The QT Fest: When not involved in making his own movies, Quentin Tarantino has come to think of the Alamo as his summer home. He swings through town with a rental truck full of rare film prints from his personal collection, then spends close to two weeks introducing each title with crazy, rambling, and hugely entertaining lectures about everything from exploitation king Jack Hill and the fine points of Italian giallo movies to the connections between Godzilla and the work of Akira Kurosawa.

Silent movies plus live music: Classic silent films - like Cabinet of Dr. Caligari, Battleship Potemkin, or Buster Keaton's The General - get a whiff of fresh air when local musicians from Guy Forsyth to the Golden Arm Trio are commissioned to write original scores, which are then performed live while the movie unspools. You've never seen a more animated audience for a film that's 80 years old.

Foleyvision: Sonic wizard Buzz Moran, assisted by a small crew of actors and musicians, takes a forgotten foreign film - a kung-fu epic like Deadly Silver Ninja, a softcore stag movie, or the self-explanatory Santo Versus the Martian Invasion - then strips away the foreign-language soundtrack, replacing it with live dialogue, music, and sound effects.

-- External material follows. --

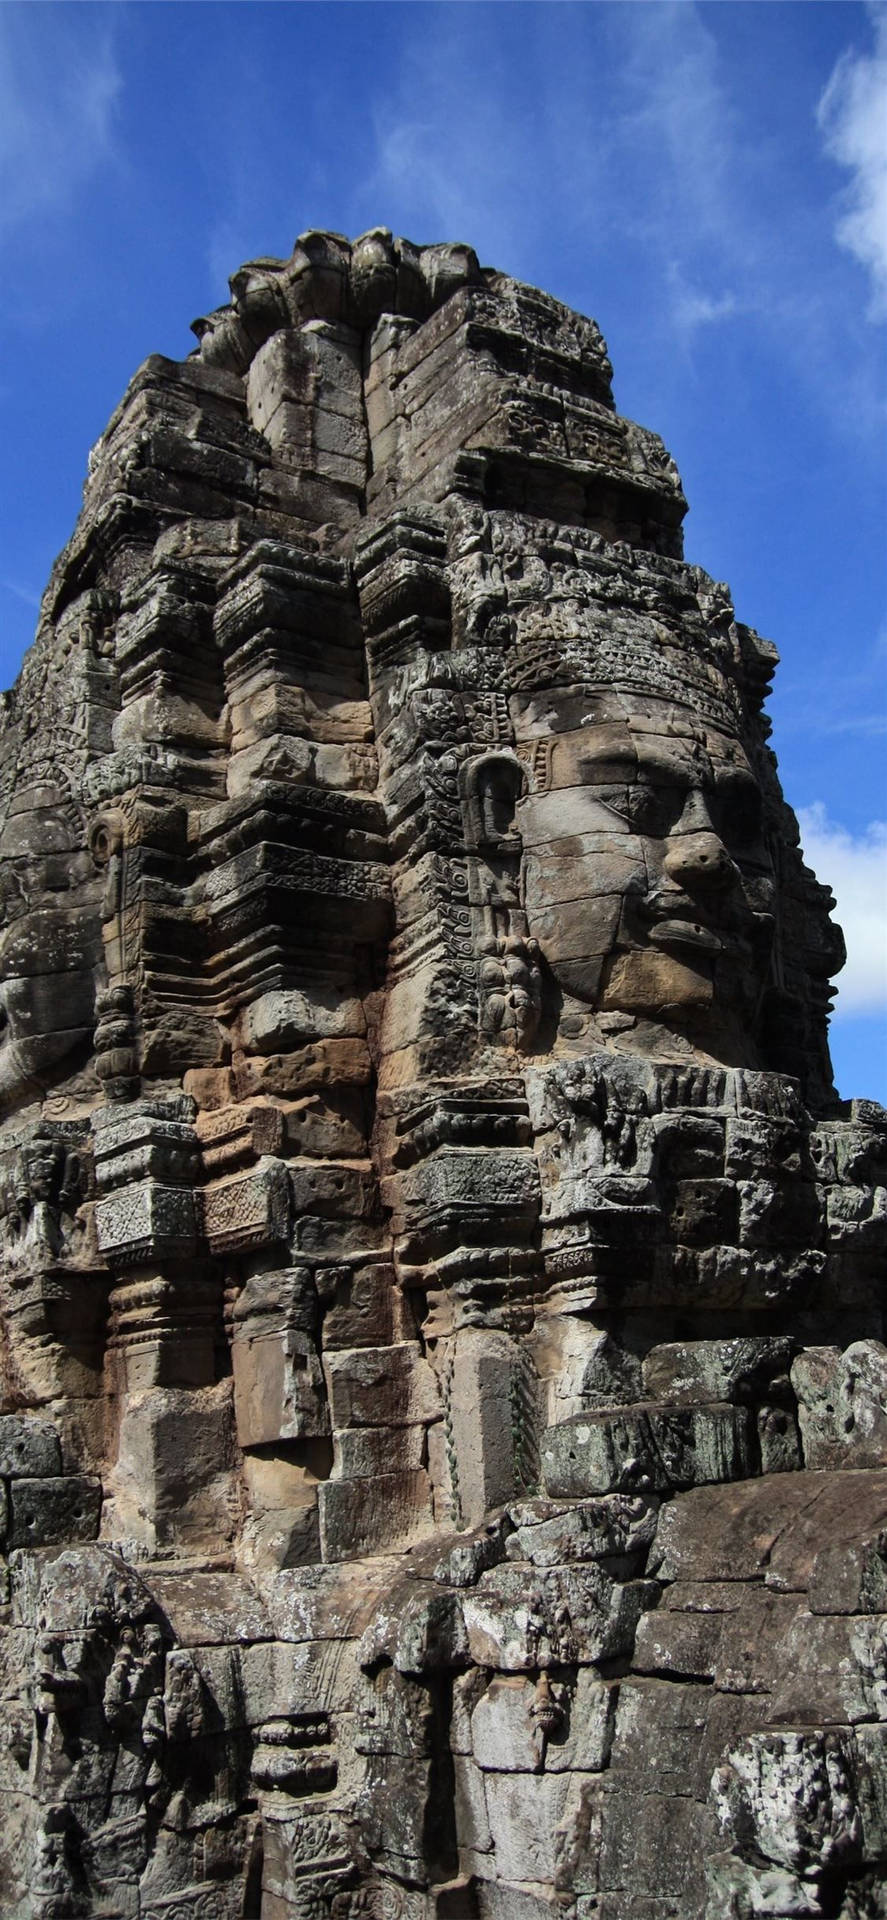 Caption: Astounding Architecture And Stone Carving At Angkor Wat

Instead of making up jokes, the actors read actual subtitle translations, walking a fine line between comedy and straight-faced interpretation.

Mister Sinus Theater: Forgetting that any fine line exists, this crew applies Mystery Science Theater 3000 techniques to deserving '80s trash like Top Gun, Flashdance, and The Lost Boys. Their smart-ass comments have attracted a huge fan base that routinely sells out shows. But the biggest draw with Mister Sinus is the moment in many performances where they stop the film, don homemade costumes, and do an "interpretive dance" that summarizes the plot for anyone who has lost the thread.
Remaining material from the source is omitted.